If I bite the bullet and pick $\sigma = -1$ (giving up for now on my general solution), these two equations divide quite nicely to give
$$\tan(\phi_1 + \phi_3) = \frac{K_1 + K_3}{K_0 + K_2}$$

This looks pretty promising! I can take the $\arctan$ of both sides to get a linear equation in $\phi_1$ and $\phi_3$. If I get two more equations like this, I'll have a linear system -- and there are two more ways to combine these four equations!

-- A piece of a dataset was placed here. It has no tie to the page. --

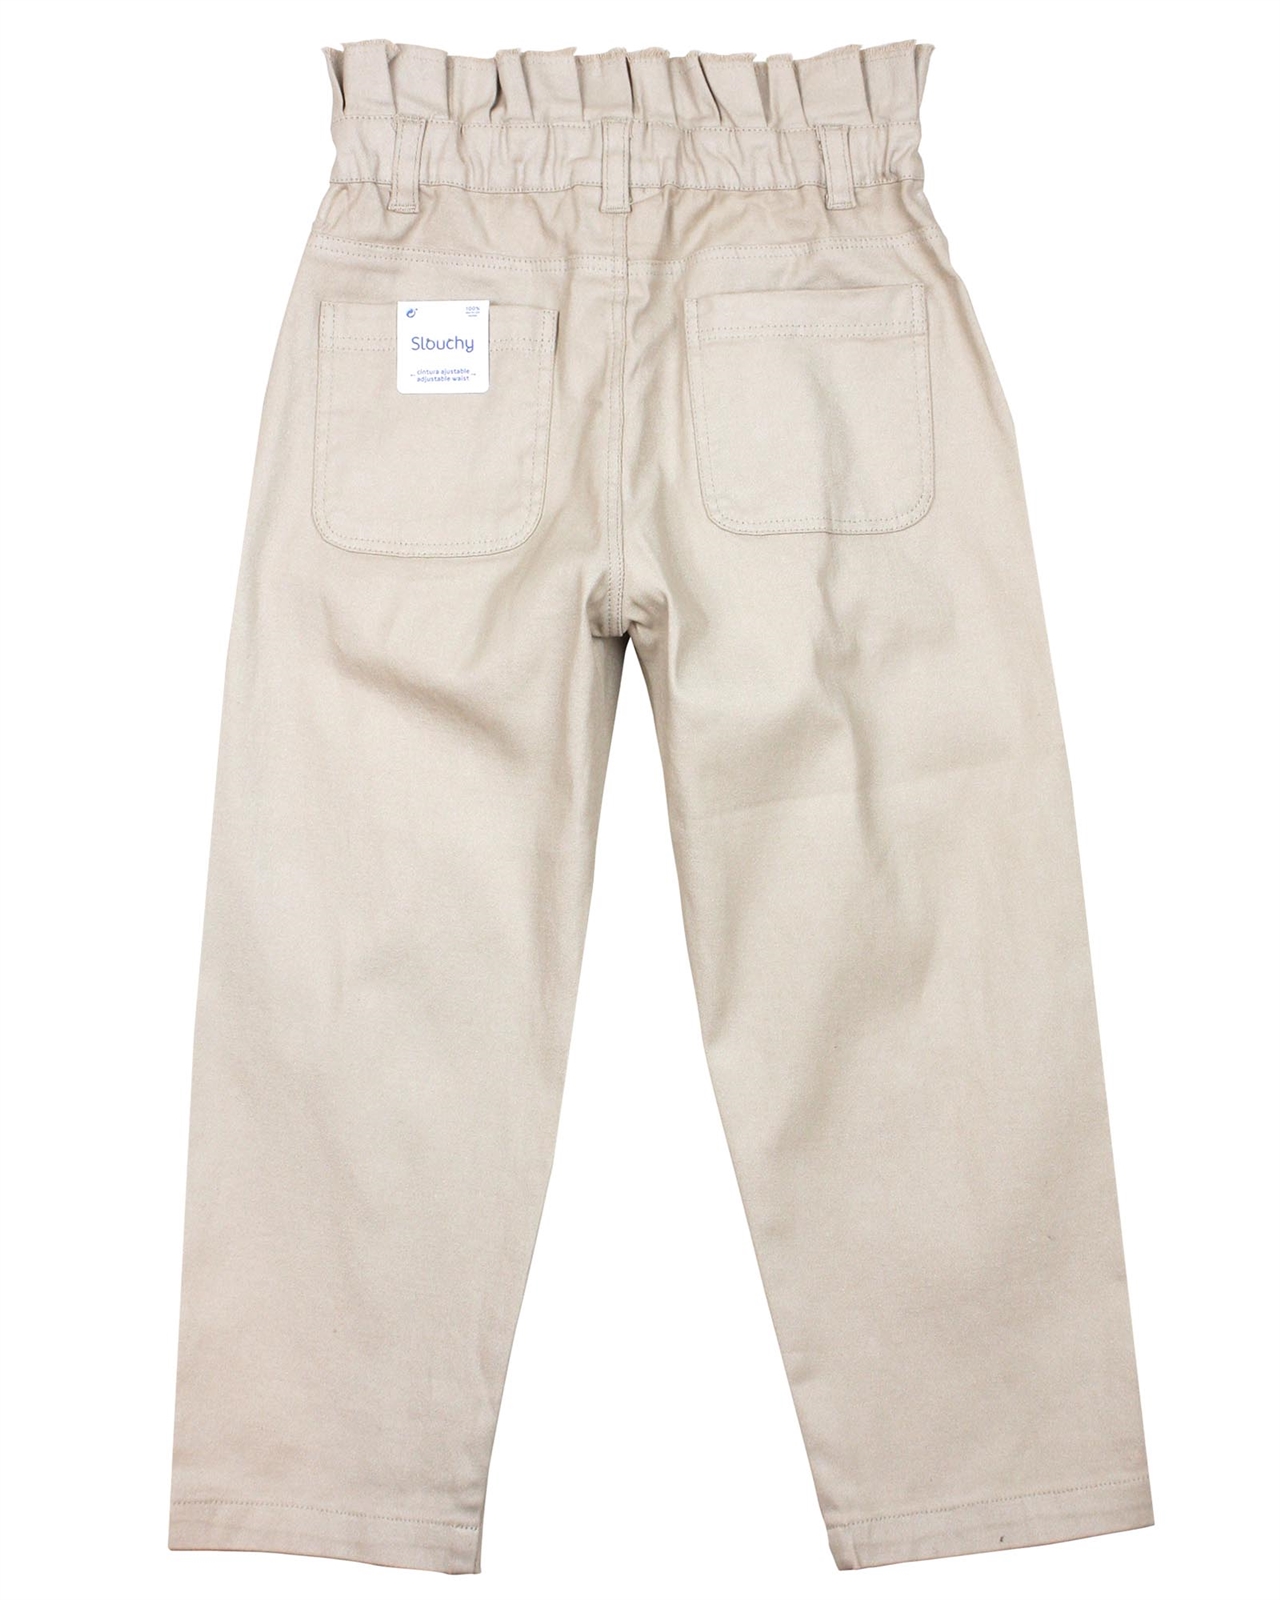 Mayoral Girl's Twill Slouchy Pants - Mayoral - Mayoral Spring/Summer 2021

Unfortunately, those other two ways don't look very fruitful to me. Even with the same choice of $\sigma = -1$, I get:
\begin{align} \cos\phi_1 \sin(\phi_3 + \phi_2) - \sin\phi_1\sin(\phi_3 - \phi_2) = {}& K_2 + K_3 \\ \cos\phi_1 \cos(\phi_3 - \phi_2) + \sin\phi_1\cos(\phi_3 + \phi_2) = {}& K_0 + K_1 \end{align}
It's just not clear to me how I would change these two equations into a linear equation for $\phi_2$ and $\phi_3$.

Other ideas?

I'd really appreciate any guidance. I've been somewhat obsessing over this problem. :)

2. Mar 10, 2014

### chogg

Here are the magic combinations of the $K$'s:

\begin{align} \cos\theta_2 \sin\theta_1 =& 2(K_0 K_1 + \sigma K_2 K_3) \\ \cos\theta_2 \cos\theta_1 =& K_0^2 - K_1^2 - K_2^2 + K_3^2 \\ \sin\theta_2 =& 2(K_0 K_2 - \sigma K_1 K_3) \\ \cos\theta_2 \sin\theta_3 =& 2(K_0 K_3 + \sigma K_2 K_1) \\ \cos\theta_2 \cos\theta_3 =& K_0^2 + K_1^2 - K_2^2 - K_3^2 \end{align}

If we constrain $\theta_2$ to $(-\pi, \pi)$, then $\sin\theta_2$ determines it uniquely. And this is a reasonable approach, since allowing higher angles would only lead to redundancy anyway. The other angles are fully determined by the signs of $\sin\theta_i$ and $\cos\theta_i$ as long as $\cos\theta_2 \ne 0$ (a special case). This leaves us with the following explicit solutions for the angles:

\begin{align} \theta_1 &= \text{atan2}(2(K_0 K_1 + \sigma K_2 K_3), K_0^2 - K_1^2 - K_2^2 + K_3^2) \\ \theta_2 &= \arcsin(2(K_0 K_2 - \sigma K_1 K_3)) \\ \theta_3 &= \text{atan2}(2(K_0 K_3 + \sigma K_2 K_1), K_0^2 + K_1^2 - K_2^2 - K_3^2) \end{align}

Inspiration came from considering the rotated bivectors. Note that the first rotation leaves its own bivector unchanged. So, consider the components of that bivector after the full rotation -- this gives 3 equations, which can only depend on the second two angles (greatly simplifying the equations). Each other rotated bivector yielded one useful equation, for the total of 5 $K$-combinations I listed at the beginning of this post.

I didn't end up learning any general techniques for attacking nonlinear equations, but I don't mind, since this problem is chock-full of beautiful symmetries.